Part of the fingerprint is stuff like the ordering of extensions, which Chrome could easily do but AFAIK doesn’t.
(AIUI Google’s Play Store is one of the biggest TLS fingerprinting culprits.)
Chrome has randomized its ClientHello extension order for two years now.[0]
The companies to blame here are solely the ones employing these fingerprinting techniques, and those relying on services of these companies (which is a worryingly large chunk of the web). For example, after the Chrome change, Cloudflare just switched to a fingerprinter that doesn't check the order.[1]
[0]: https://chromestatus.com/feature/5124606246518784
[1]: https://blog.cloudflare.com/ja4-signals/
> blame here are solely the ones employing these fingerprinting techniques,
Sure. And it's a tragedy. But when you look at the bot situation and the sheer magnitude of resource abuse out there, you have to see it from the other side.
FWIW the conversation mentioned above, we acknowledged that and moved on to talk about behavioural fingerprinting and why it makes sense not to focus on the browser/agent alone but what gets done with it.
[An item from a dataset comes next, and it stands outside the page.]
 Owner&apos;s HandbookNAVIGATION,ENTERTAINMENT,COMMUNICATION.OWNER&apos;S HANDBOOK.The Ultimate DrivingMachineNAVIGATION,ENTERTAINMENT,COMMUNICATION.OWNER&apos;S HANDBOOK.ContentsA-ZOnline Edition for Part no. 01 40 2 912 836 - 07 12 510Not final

Last time I saw someone complaining about scrapers, they were talking about 100gib/month. That's 300kbps. Less than $1/month in IP transit and ~$0 in compute. Personally I've never noticed bots show up on a resource graph. As long as you don't block them, they won't bother using more than a few IPs and they'll backoff when they're throttled
For some sites, things are a lot worse. See, for example, Jonathan Corbet's report[0].
0 - https://social.kernel.org/notice/AqJkUigsjad3gQc664
How can you say it's $0 in compute without knowing if the data returned required any computation?
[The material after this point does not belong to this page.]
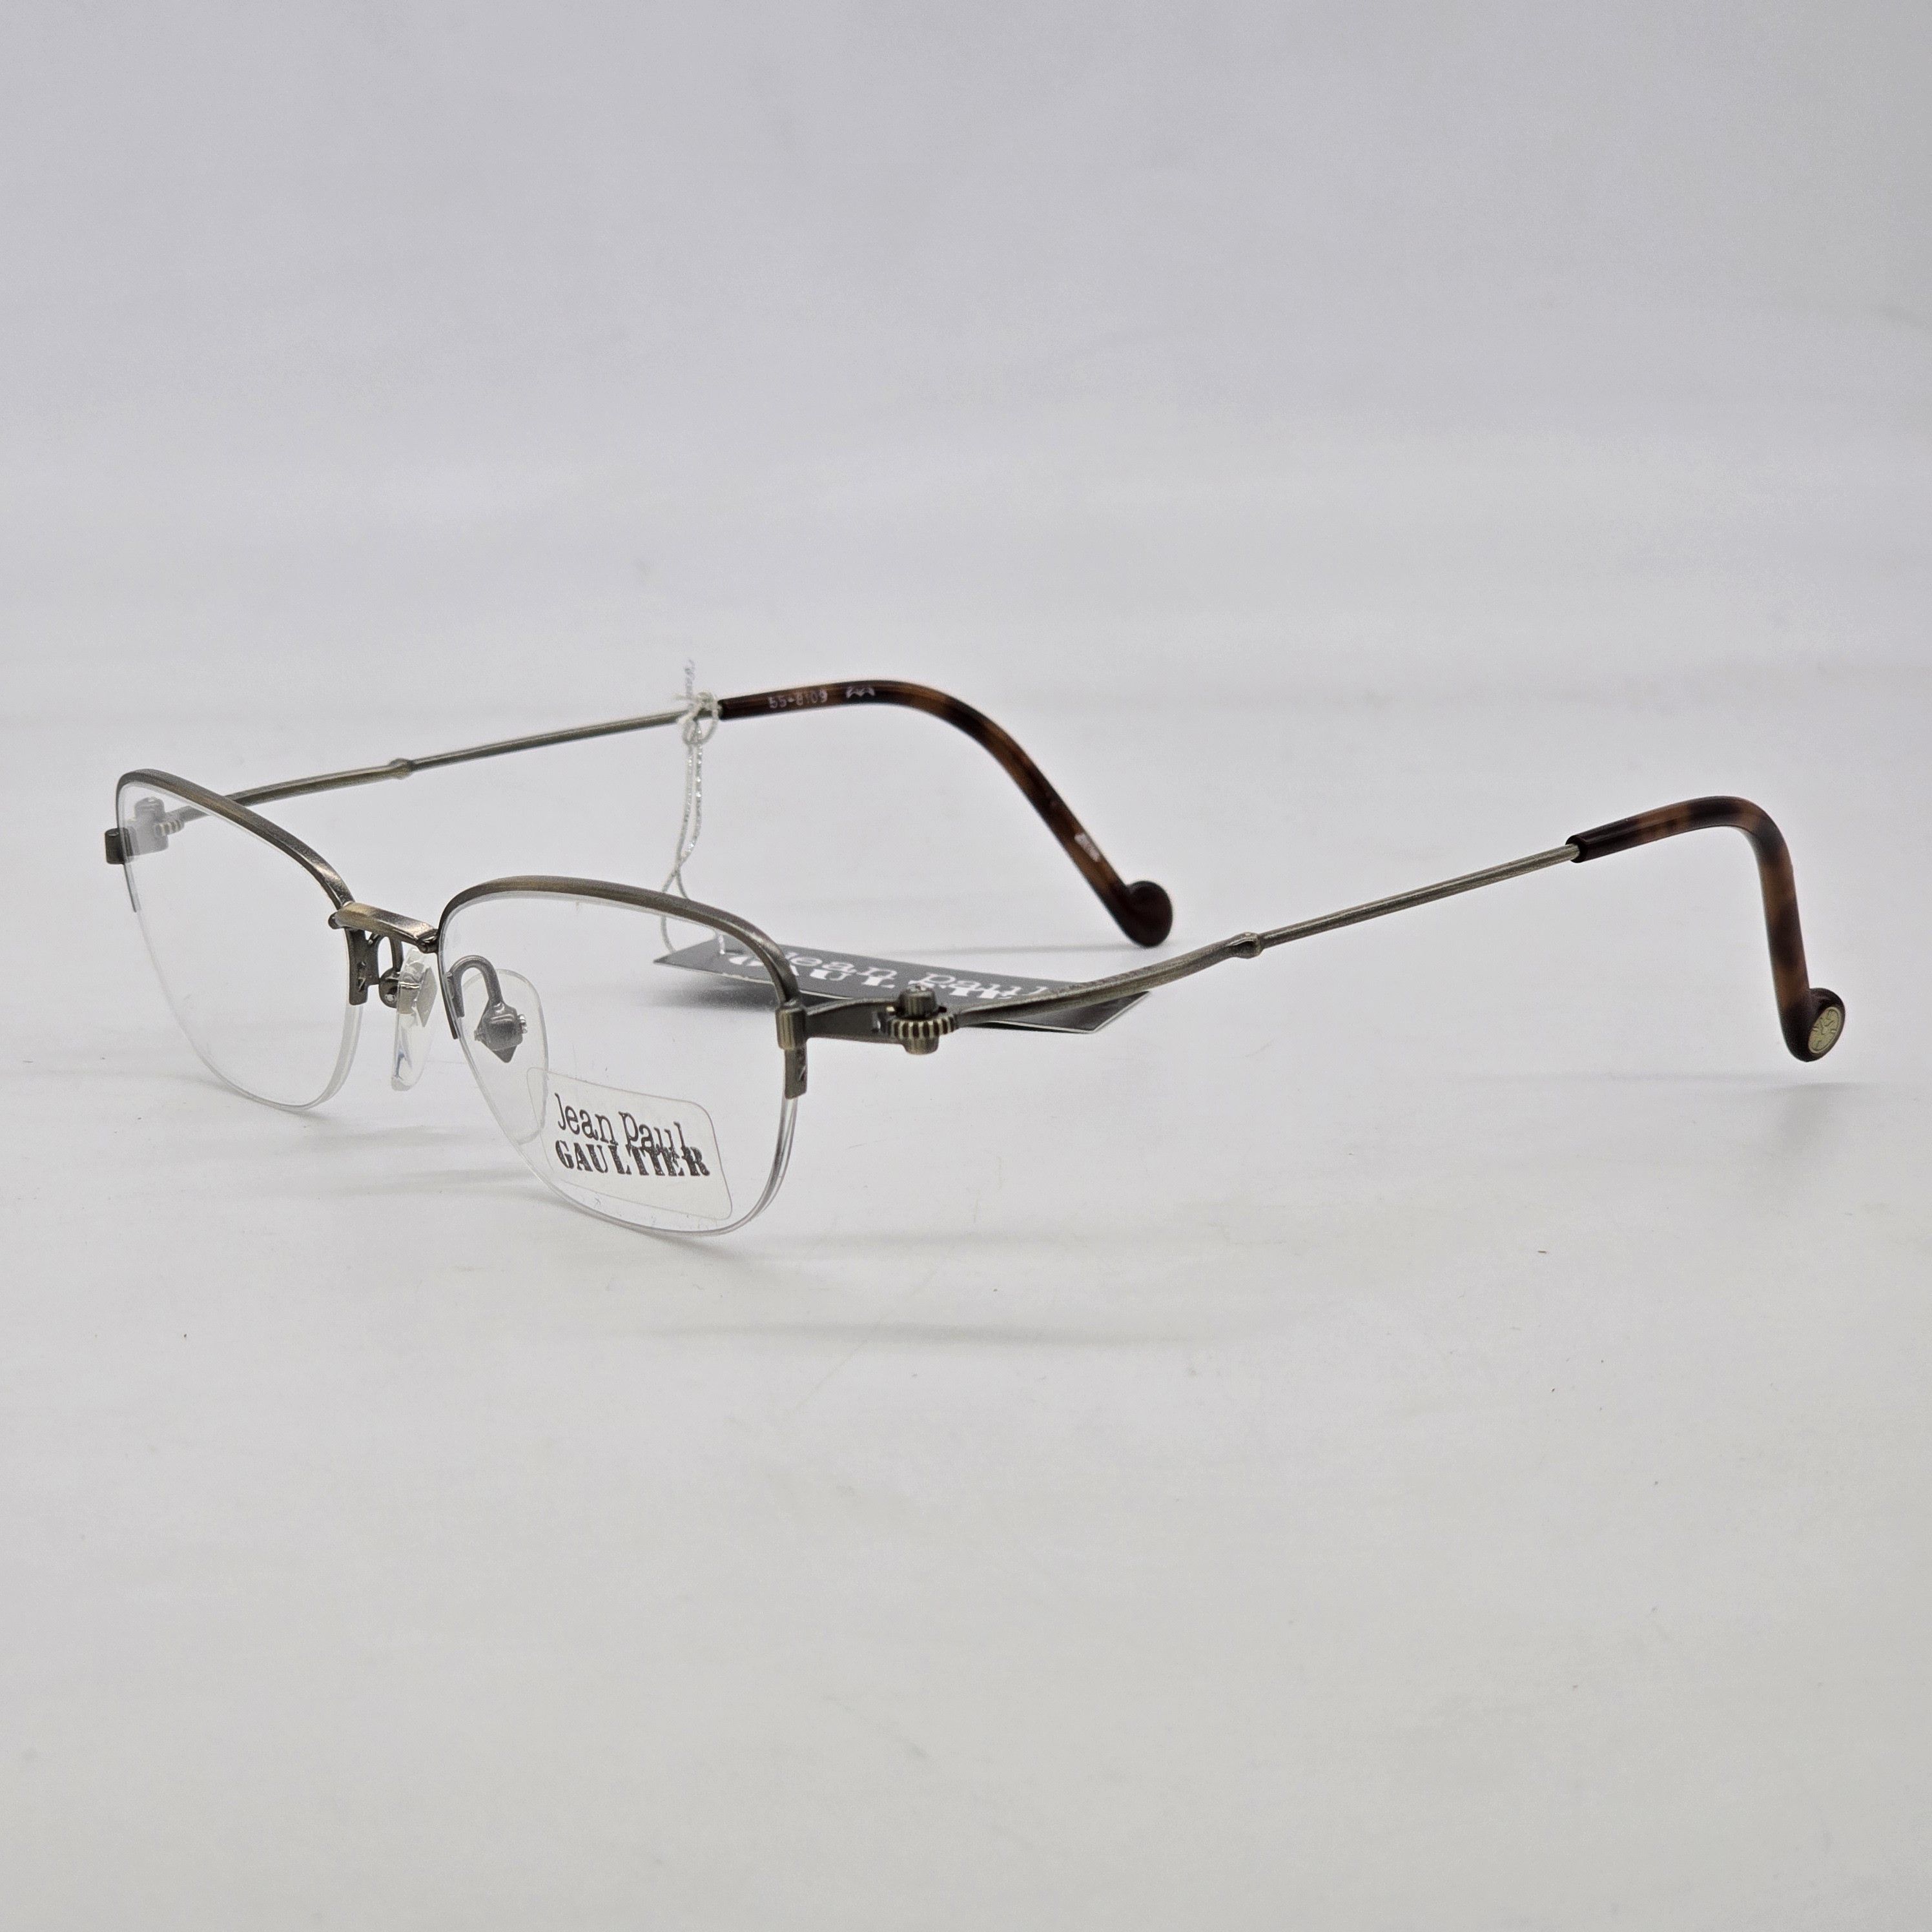 Vintage - Jean Paul Gaultier - 90s Half-Rim Clockwork Glasses - 1

Didn't rachelbytheebay post recently that her blog was being swamped? I've heard that from a few self-hosting bloggers now. And Wikipedia has recently said more than half of traffic is noe bots. ARe you claiming this isn't a real problem?
> The companies to blame here are solely the ones employing these fingerprinting techniques,
Let's not go blaming vulnerabilities on those exploiting them. Exploitation is also bad but being exploitable is a problem in and of itself.
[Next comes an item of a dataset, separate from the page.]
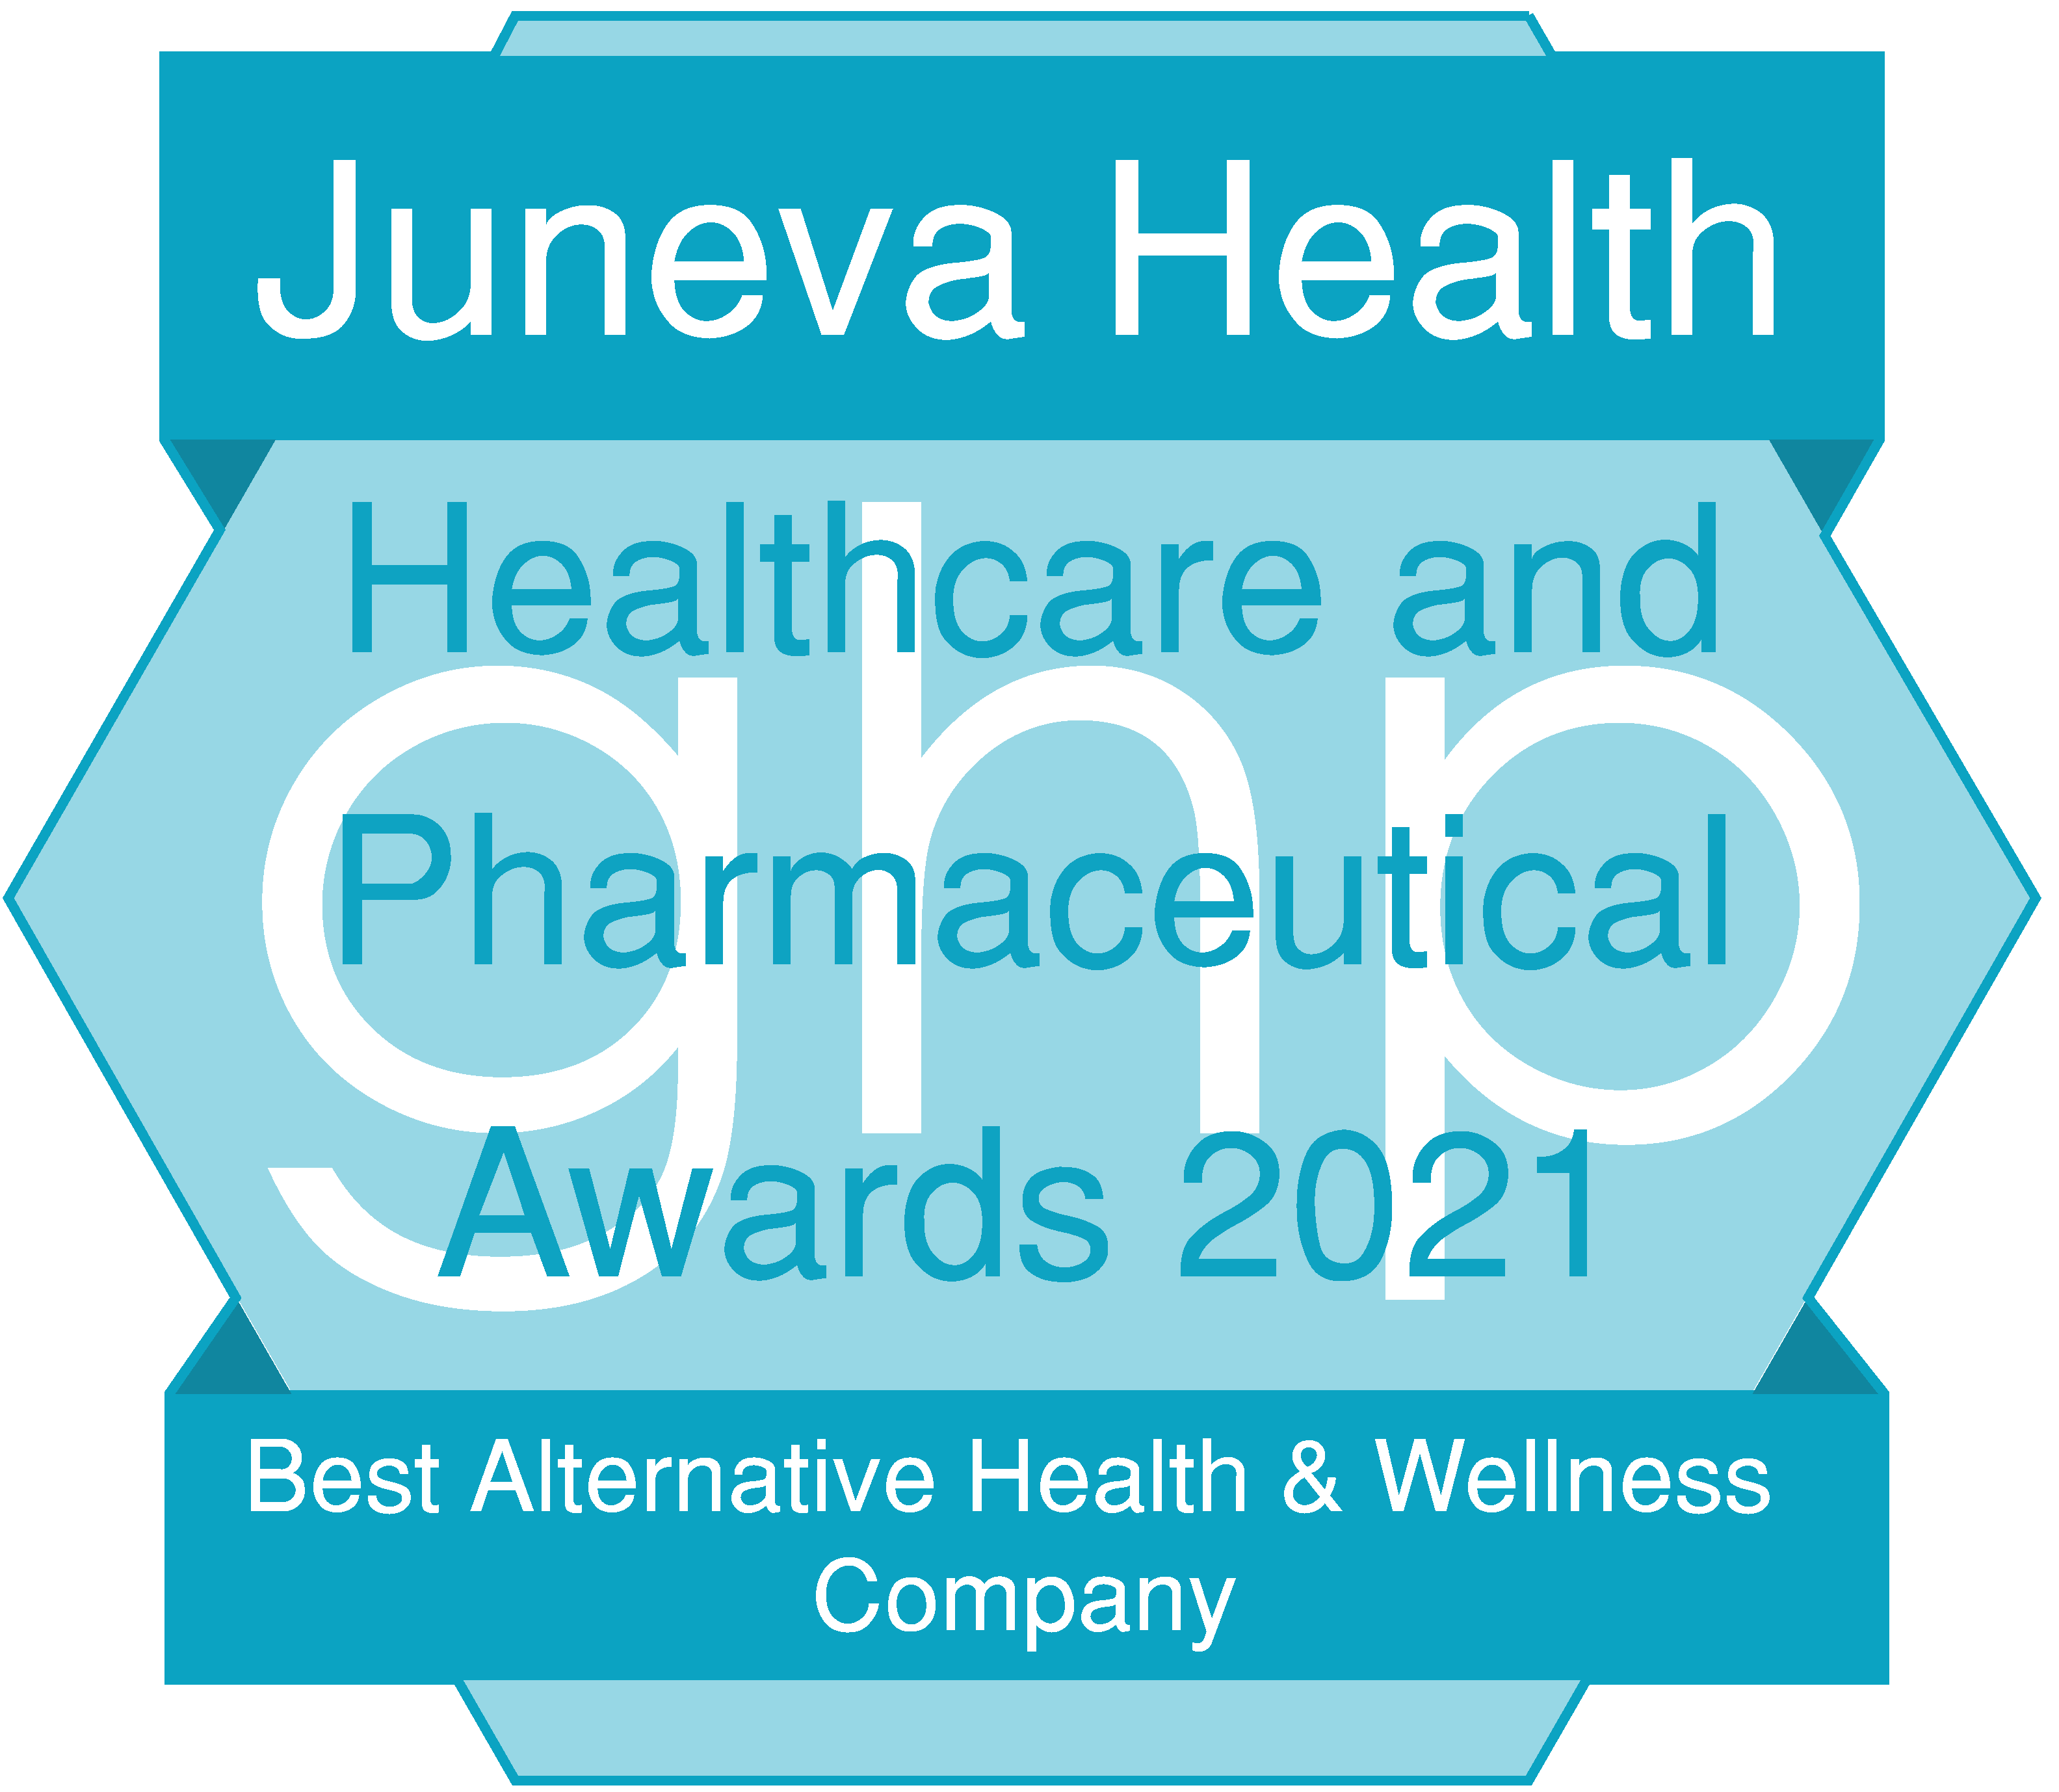 Juneva Health Best Bioenergetic Health Company 2021

> Let's not go blaming vulnerabilities on those exploiting them. Exploitation is also bad but being exploitable is a problem in and of itself.
There's "vulnerabilities" and there's "inherent properties of a complex protocol that is used to transfer data securely". One of the latter is that metadata may differ from client to client for various reasons, inside the bounds accepted in the standard. If you discriminate based on such metadata, you have effectively invented a new proprietary protocol that certain existing browsers just so happen to implement.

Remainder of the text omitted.